# Pacing and trying to escape!



## Melanie77 (Jul 31, 2017)

I have had my little 3.5 month old hedgie for about 2 months, and she is such a sweet girl. She's always been pretty active at night, but last night I woke up to her scratching the side of her cage like crazy (a large clear tub cage) and running figure 8's. She would go under her snuggle sack and run around. 

She then started to climb up onto her bucket wheel using the pvc supports and tried escaping through the open part of the lid where I cut space for her wheel to fit! I took her out of her cage and put her in her playpen thinking she was bored, but she just cuddled under a fleece sack. 

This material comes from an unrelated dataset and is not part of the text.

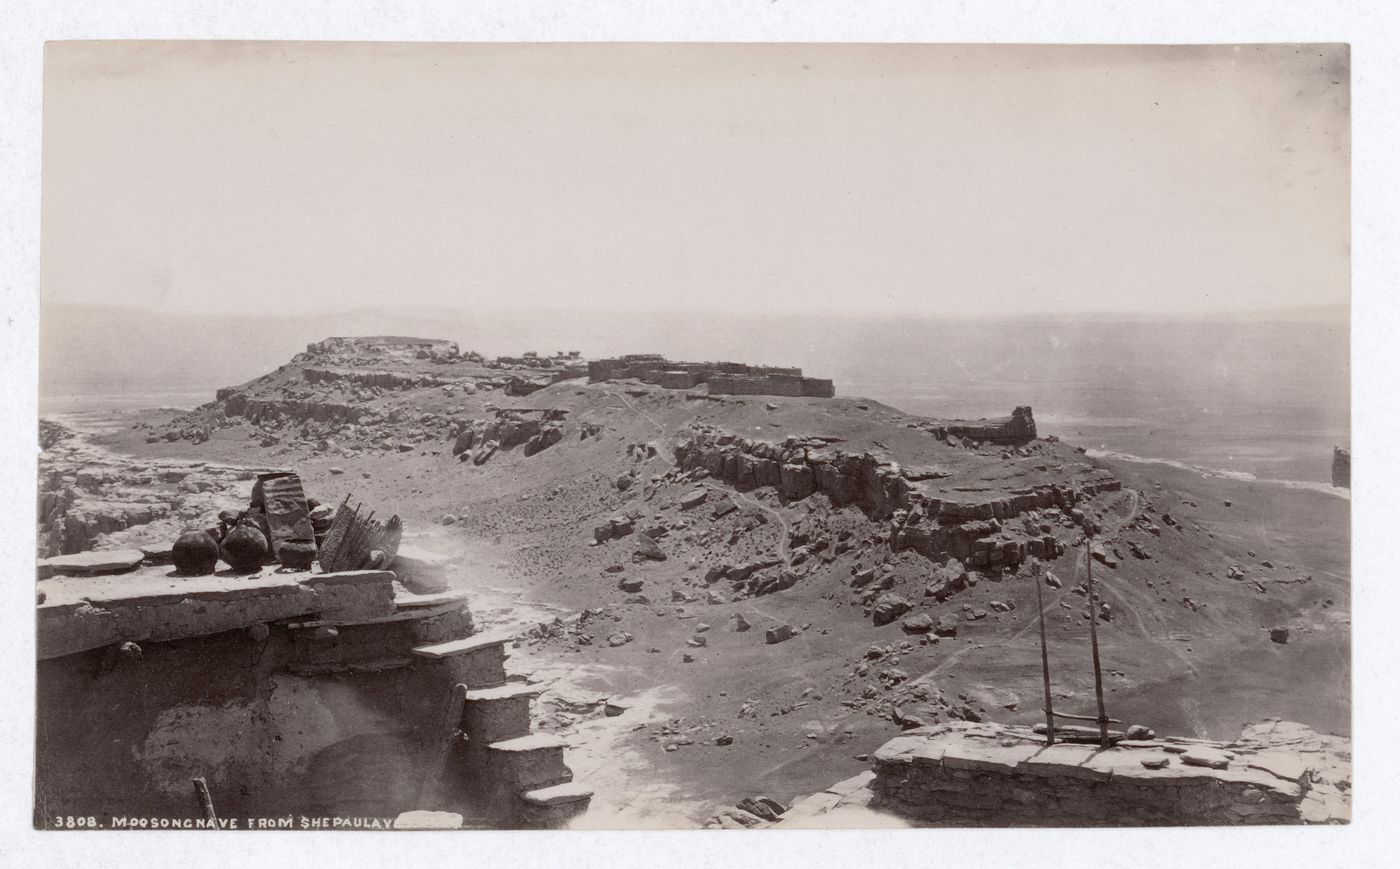 View of Moosongnave (now Mishongnovi) from Shepaulave (now Sipaulovi) on the Second Mesa, Hopi Reservation, Arizona, United States

I have never seen her try to escape from her cage! Has anyone had similar experiences with a hedgie doing this or know why? 

Her cage is the right temp and she has plenty of toys and socialization with me.


----------



## Lopi (Apr 11, 2017)

Could there be a strong smell near the cage? Could a pest of some kind gotten in? Was there a loud noise before you went to check on her?

Do you have dogs, cats or other predator type animals like a ferret that may have gotten too close to her cage and spooked her?


----------



## Melanie77 (Jul 31, 2017)

In the midst of me helping her, I did see that I left a small container of coconut oil on a table near her cage. I did wonder if maybe she had been smelling the oil due to her strong sense of smell.


----------